[Start of Attachment]

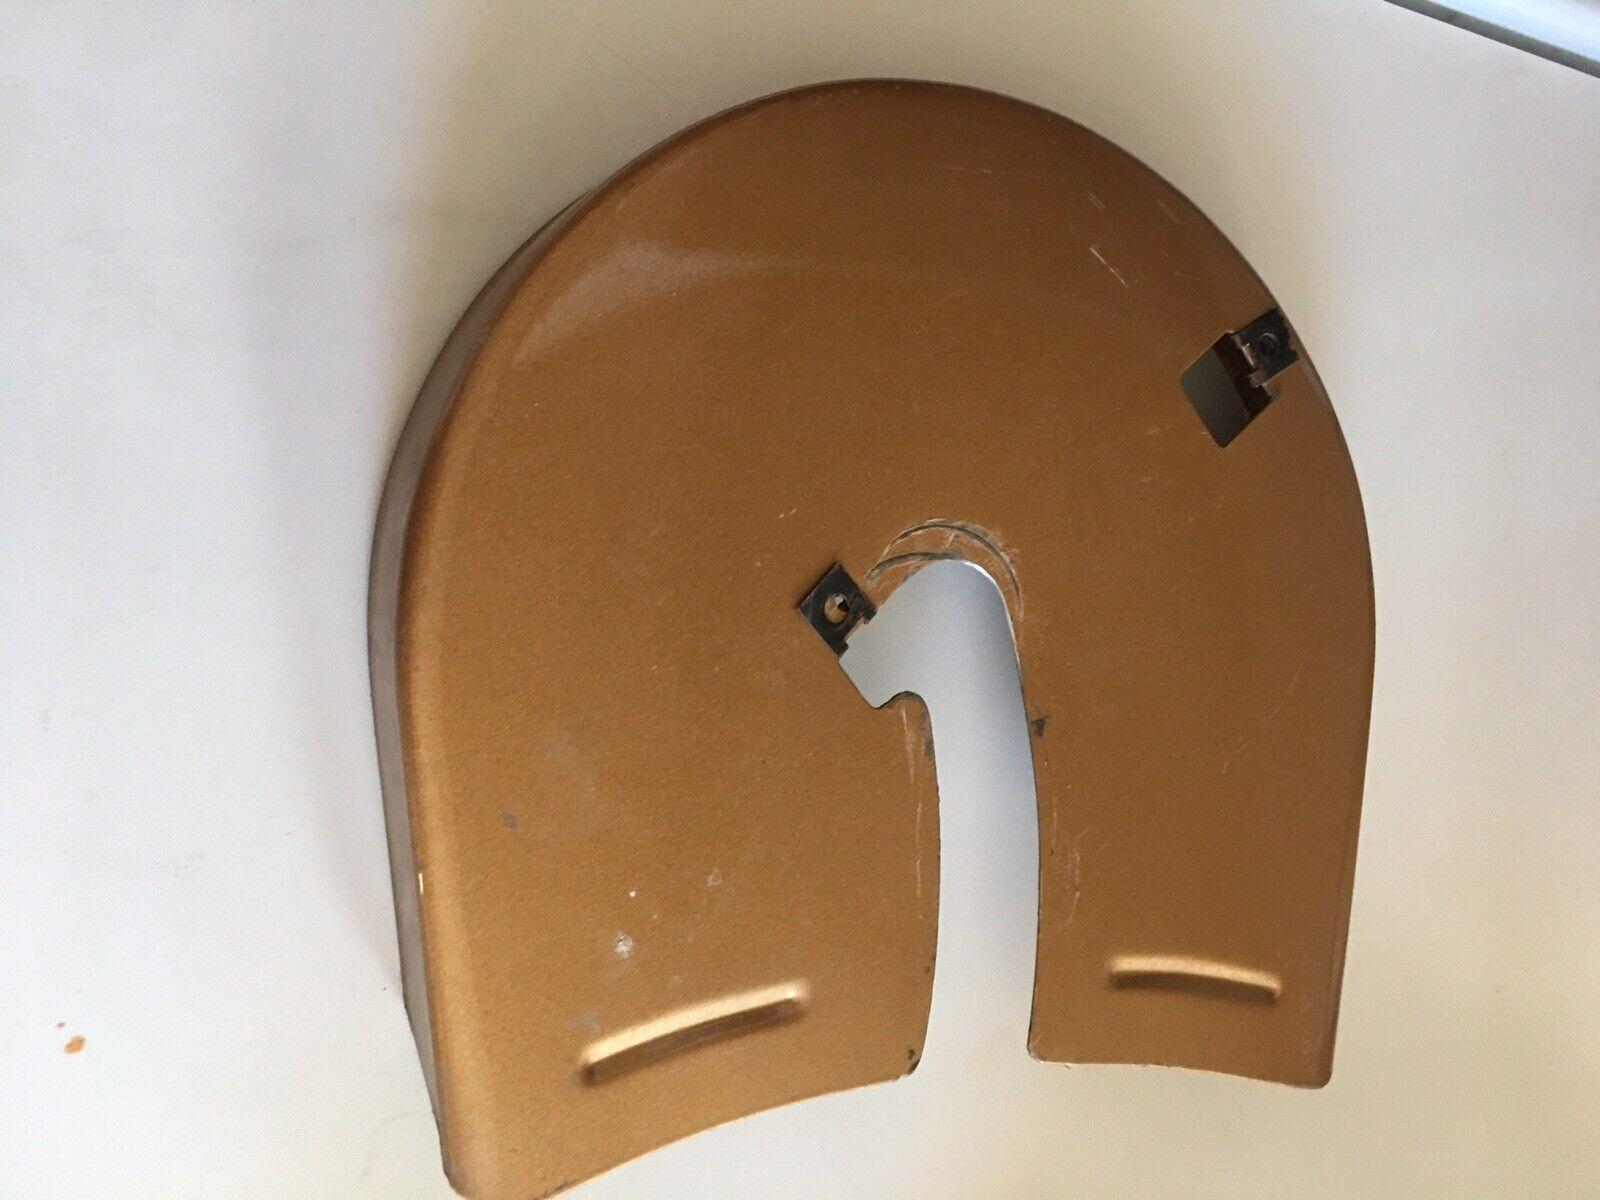 End Caps endhülsen 10 Piece for Brake Cable Shift Cable Bike Tuning Parts
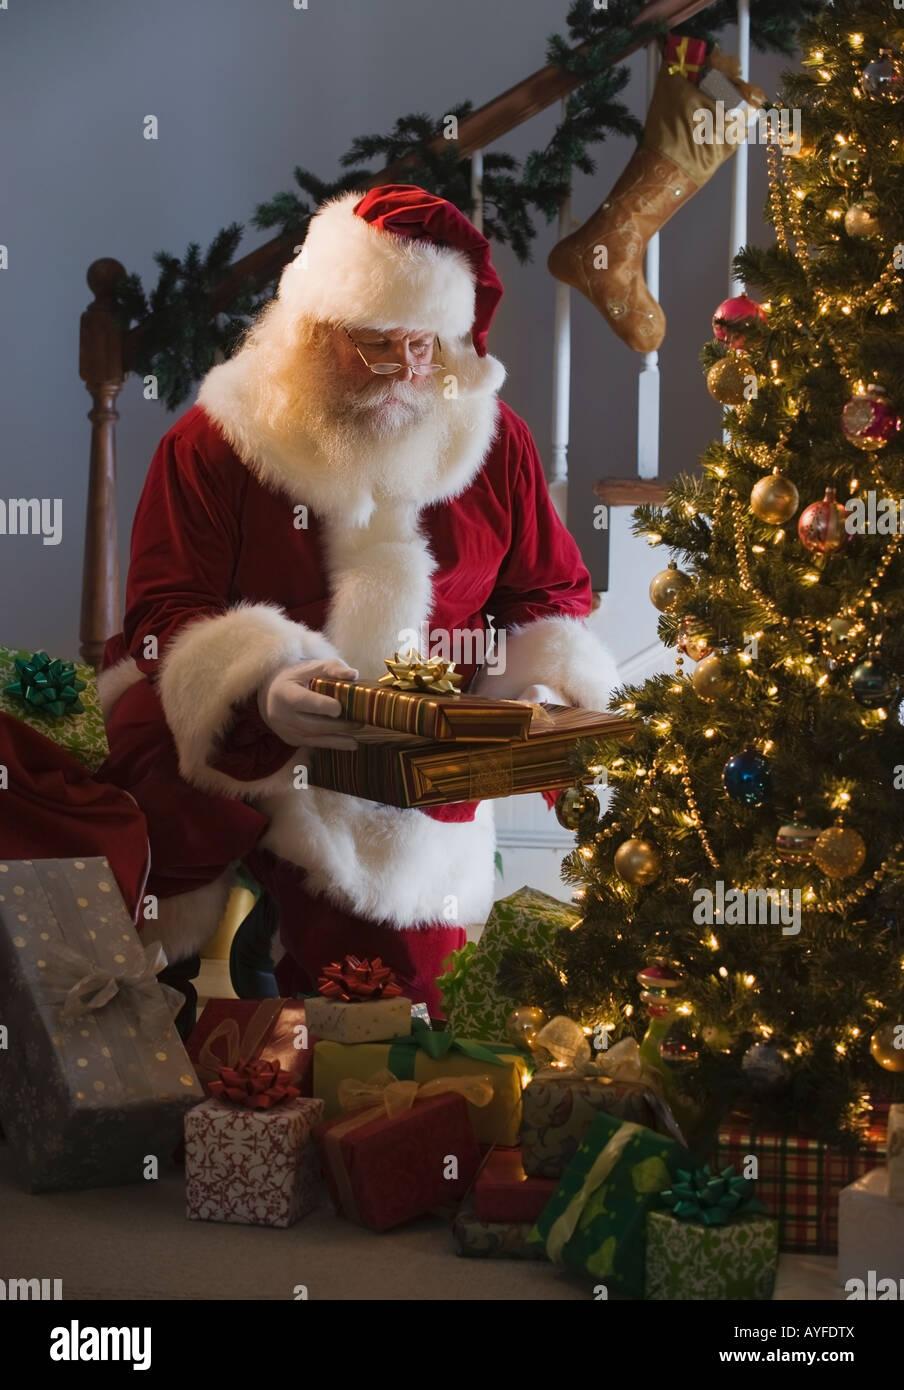 Santa Claus leaving gifts under Christmas tree Stock Photo: 17092729 ...
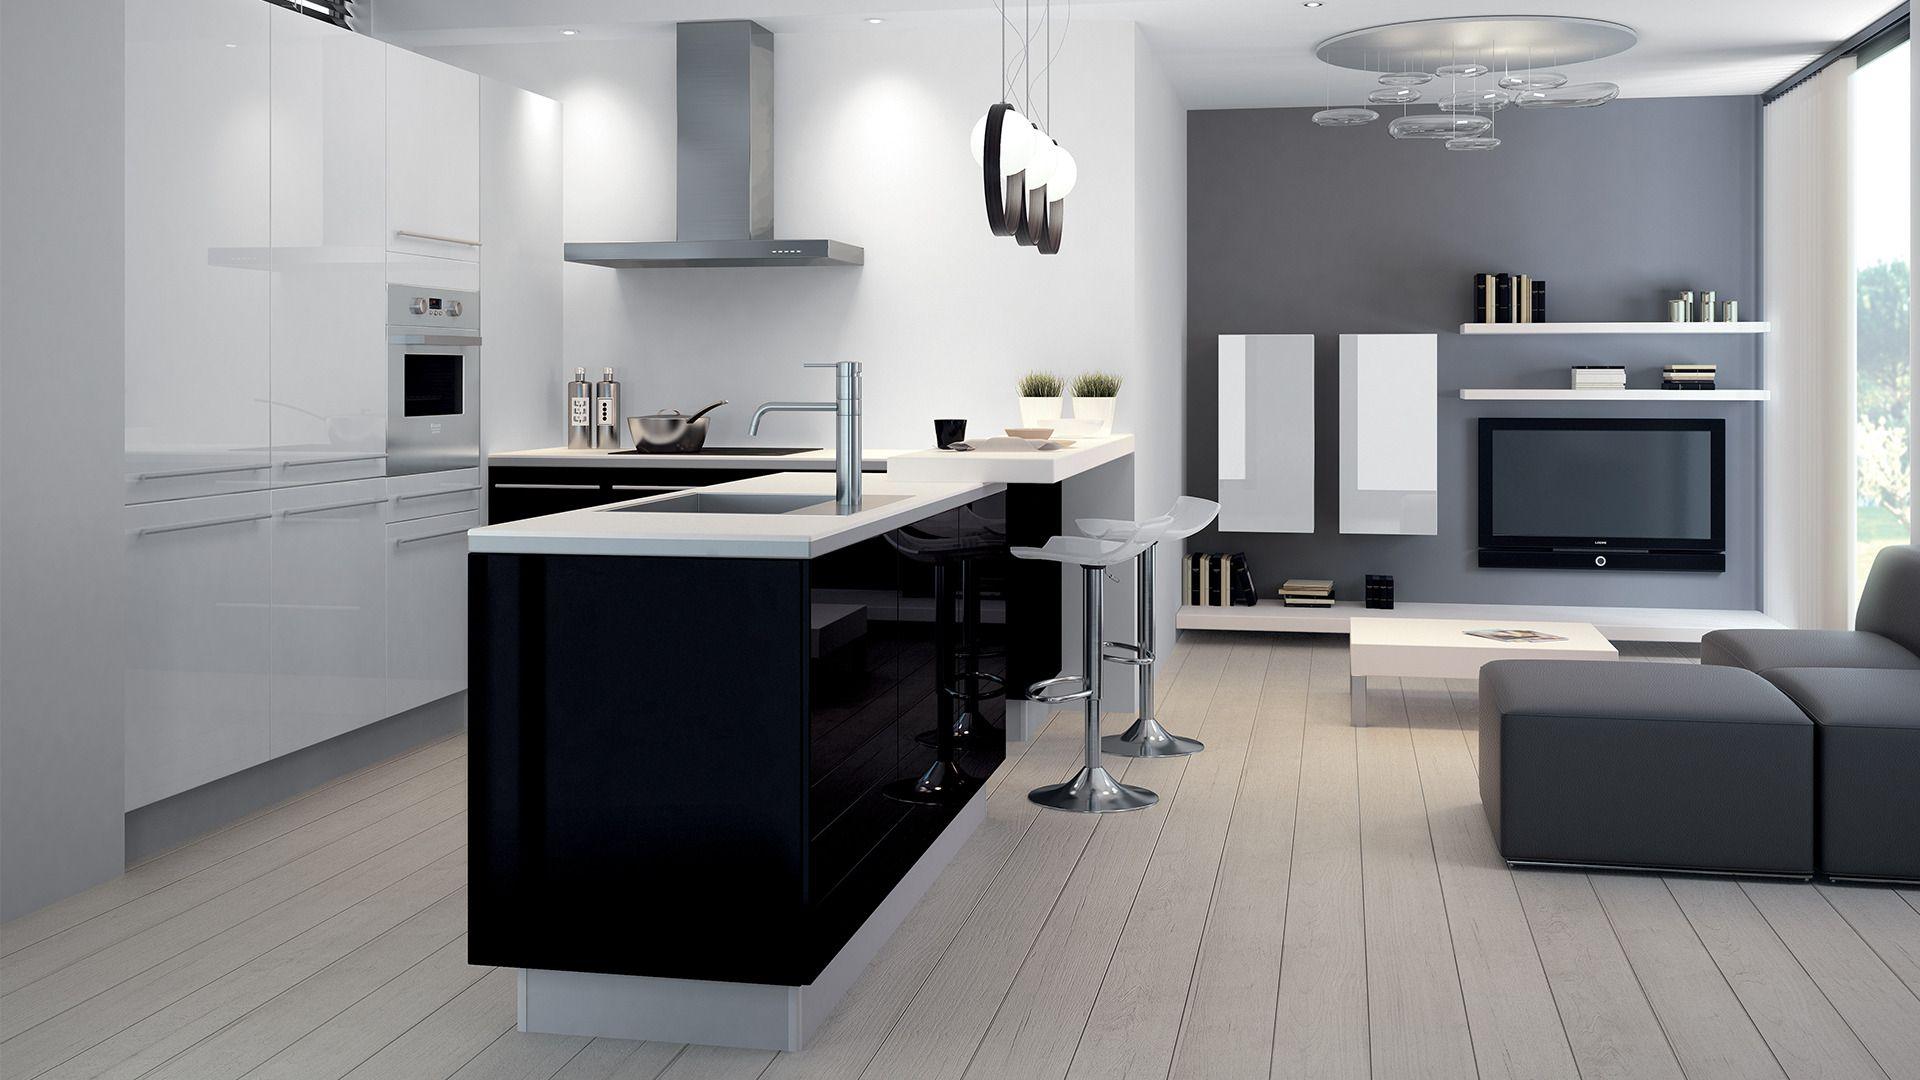 Deco Van Kesyme Op Home Interieur Keuken

[End of Attachment]

> What to do: Please produce an exact copy of all the material, leaving out the pictures.

> The completed task:
 End Caps endhülsen 10 Piece for Brake Cable Shift Cable Bike Tuning Parts
 Santa Claus leaving gifts under Christmas tree Stock Photo: 17092729 ...
 Deco Van Kesyme Op Home Interieur Keuken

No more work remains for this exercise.